Is this plan realistic? Believe me, I am not naïve. After the rebuke my party suffered in
the 2008 Canadian Federal election, I am not one to underestimate the political obstacles
any government will face when trying to implement an economy-wide price on GHG
emissions. I am well aware that here in the US, part of the Congress, backed by a
majority of Americans,6i s opposed to President Obama’s current initiatives to regulate
GHG emissions through the Environmental Protection Agency.
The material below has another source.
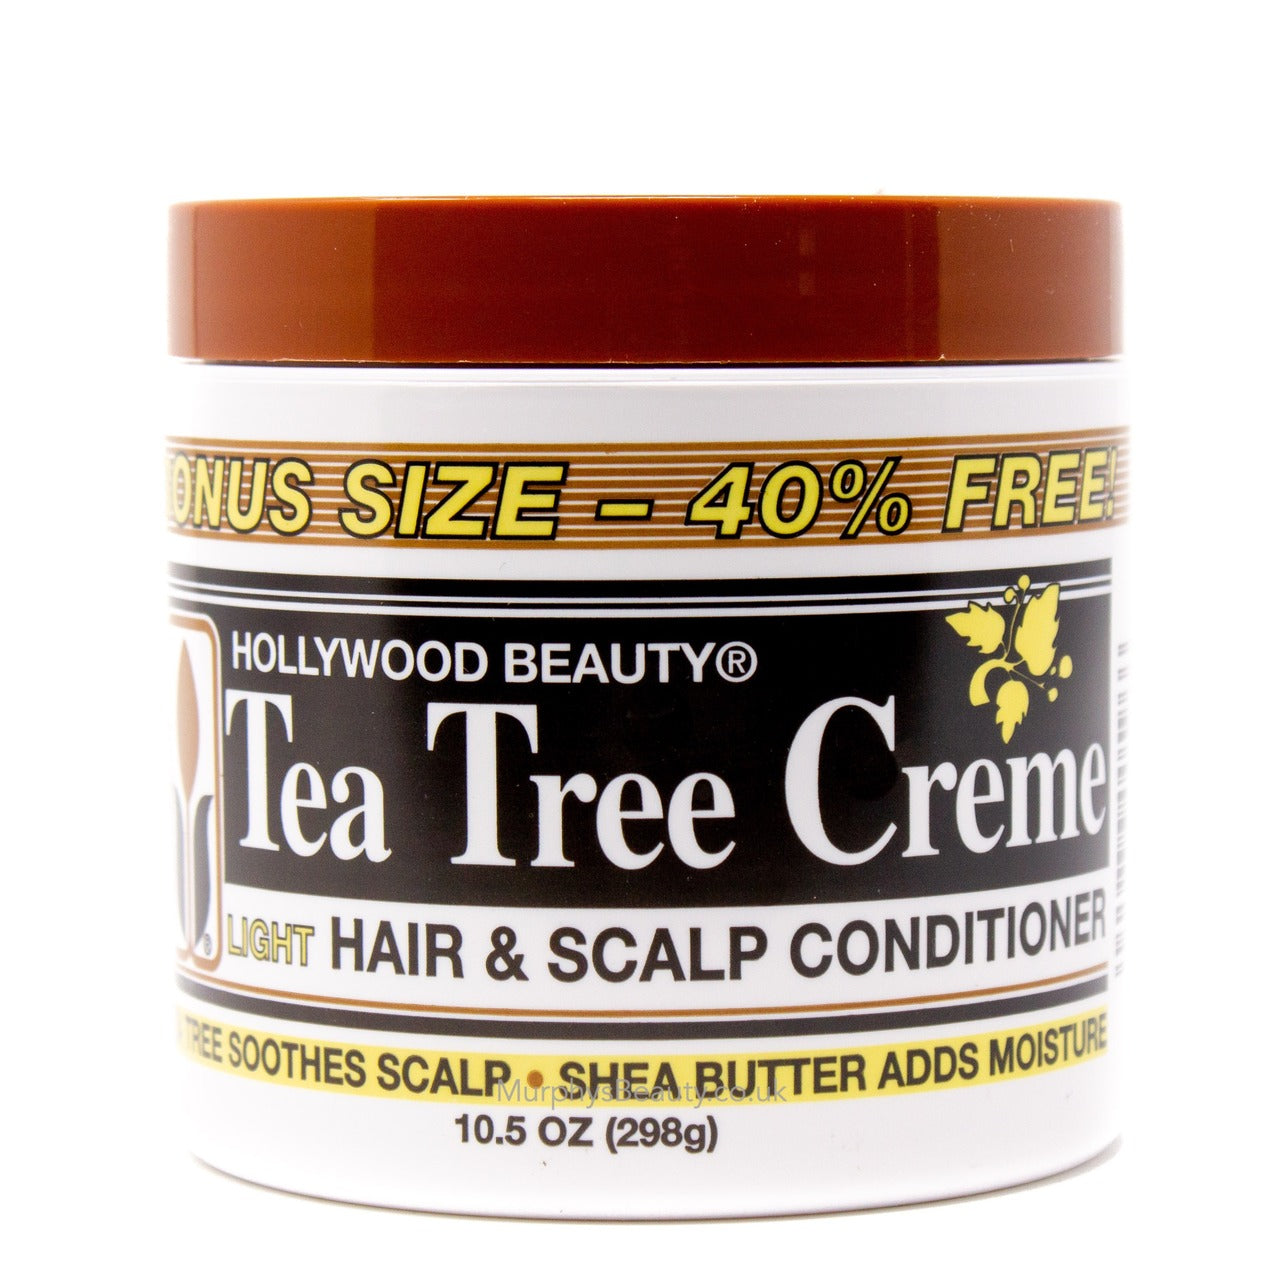 Hollywood Beauty Tea Tree Creme Light Hair & Scalp Conditioner - 10.5oz
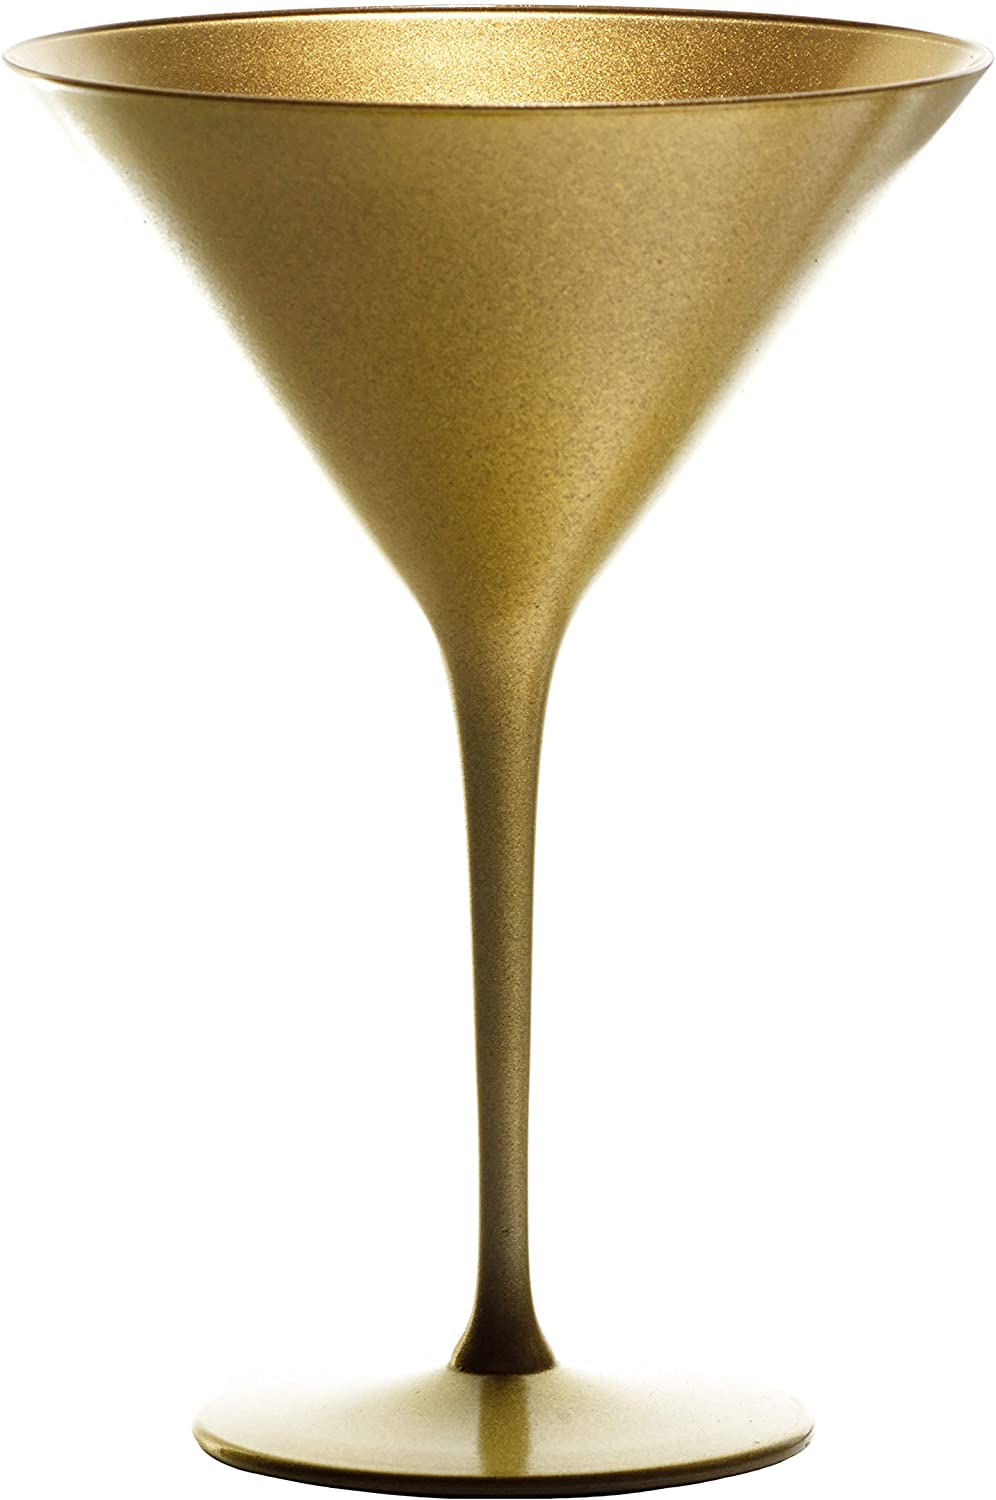 Stölzle Lausitz Elements Cocktail Bowl 240 ml I Martini Glasses Set of 6 I Gold I Cocktail Glasses Dishwasher Safe & Shatterproof I High Quality Crystal Glass I Martini Glasses

So I understand why some will call my plan unrealistic. Yet, if anybody has a better idea
to avoid the astronomical economic, human and environmental costs of a 3 degree
Celsius global warming spell, let them speak up! True realism – and plain common sense
– dictate that as long as we are allowed to pollute for free, we will be unable to curb our
GHG emissions sufficiently.
We need worldwide carbon pricing in order to do what must be done to make the world's
economy truly sustainable. We need harmonized carbon pricing as an incentive to
replace coal with cleaner and renewable energy sources or at least to equip coal power
plants with effective carbon capture and storage technology; to enhance energy
efficiency; to develop affordable alternatives to petroleum-based fuels; to implement a
major retooling of transportation industries and a massive conversion of on-road vehicle
refueling infrastructures; to reduce high risk oil imports and increase energy security.
So what choice do we have, to protect humankind against a looming 3 degree Celsius
warming? Pursue our current initiatives – not without merit but definitively not good
enough? Let people continue deluding themselves in thinking that blocking a pipeline will
make a discernible difference in the fight against global warming? I suggest our best and
soundest choice, as denizens of a continent so gifted in natural resources and
technological knowhow, is to champion this much needed tool for an effective and
comprehensive climate and energy policy: a worldwide, harmonized carbon price.
6
United Technologies/National Journal Congressional Connection Poll, July 2013.